Prayer grounds us spiritually when we are going through loss and hurtful moments in life, but it is also important to remember that we have to deal with things humanly speaking as well. Overcoming losses and hurts take a holistic approach since we are people of both body and soul, humanly and spiritually made. On top of coming to prayer and seeking help spiritually, it is crucial to reach out for helps with proper human supports from family, with a support group, seeking psychological or therapeutical help. These are real reminders that we are not alone are not meant to be alone. As it gets too hurtful and we feel tempted to isolate ourselves, let us remember to reach out and find proper help along the way. Second, it is also an invitation for us to check up on those who are around us and be attentive to those who are struggling. We might be the instruments that God is sending in their lives at the times of their trials! Even in our darkest and hardest times, we are not alone. Therefore, let us turn to help and be a source of help to those who are hurting.

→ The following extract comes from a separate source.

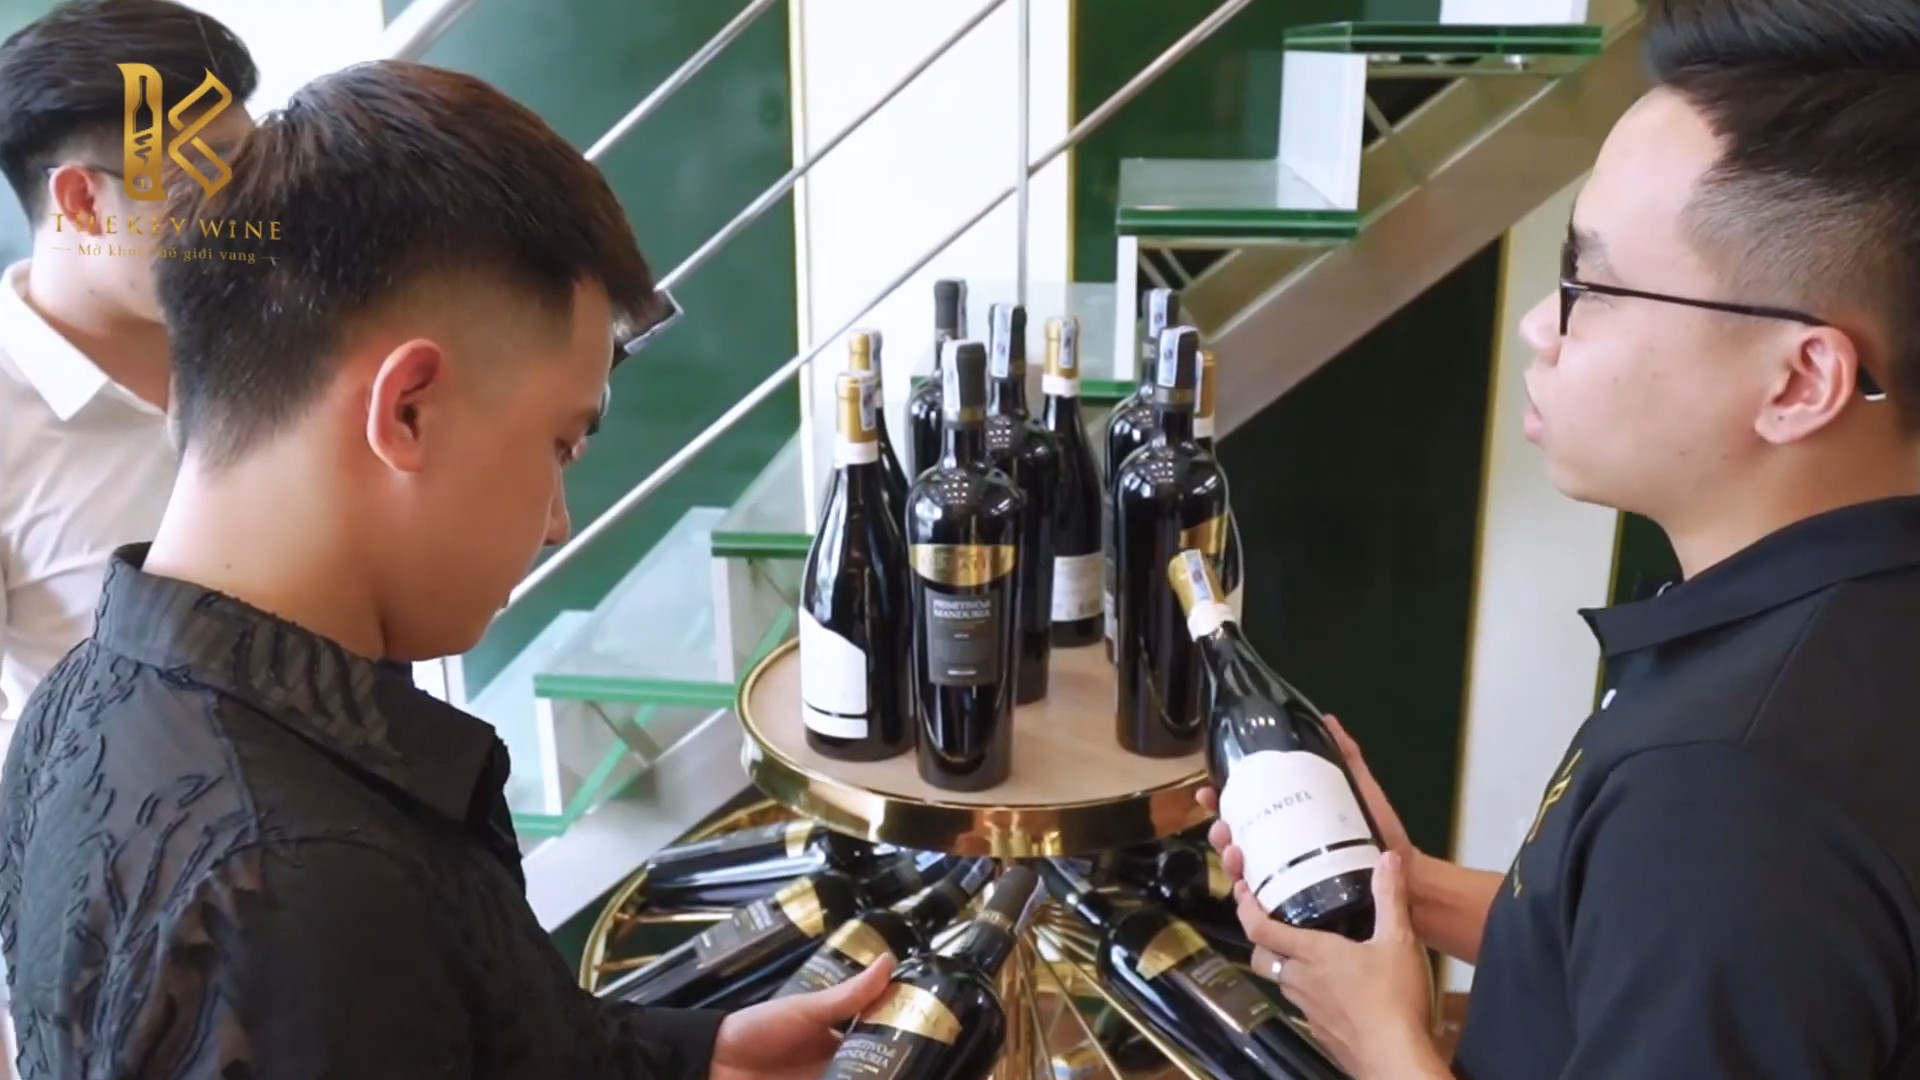 TheKey Wine: Tâm huyết của CEO Thân Huyền Trang - "Nhập khẩu sự tinh tế - Khơi nguồn niềm đam mê" 5

When the evil one wants to deceive us by telling us that we are alone, abandoned, or isolated, let us turn to God in our prayer. When we are too hurt by grief or loss, let us find solace in prayers, even if it means to simply cry or let our raw emotions be our prayers. No matter where we are and what state of life we are in, we can always pray and turn to God. As we come to Him, may we also recognize the importance of the communion we have with others through Him by reaching out to those who are walking alongside with us in our faith and life journeys. May we go a bit deeper each day, sifting through the raw, in order to reflect and try to understand the deeper questions as to put more trust and hope in the Lord, even if we might not understand it right now or at the time. Perseverance and faithfulness in times of grief and loss strengthen and deepen our loving faith in the almighty and loving God who is always with us. No matter where we are, we are not alone. God is always with us, and if we make a little effort to go beyond the blindsighted temptation of isolation, we can reach out to others for help along the way. We are never meant to be alone, and so (hopefully) even with our struggles, may we learn to depend on Him who loves us and those who can help us in different ways since we cannot do it ourselves. Let us be consoled by the faithfulness of God and console one another as brothers and sisters along the way.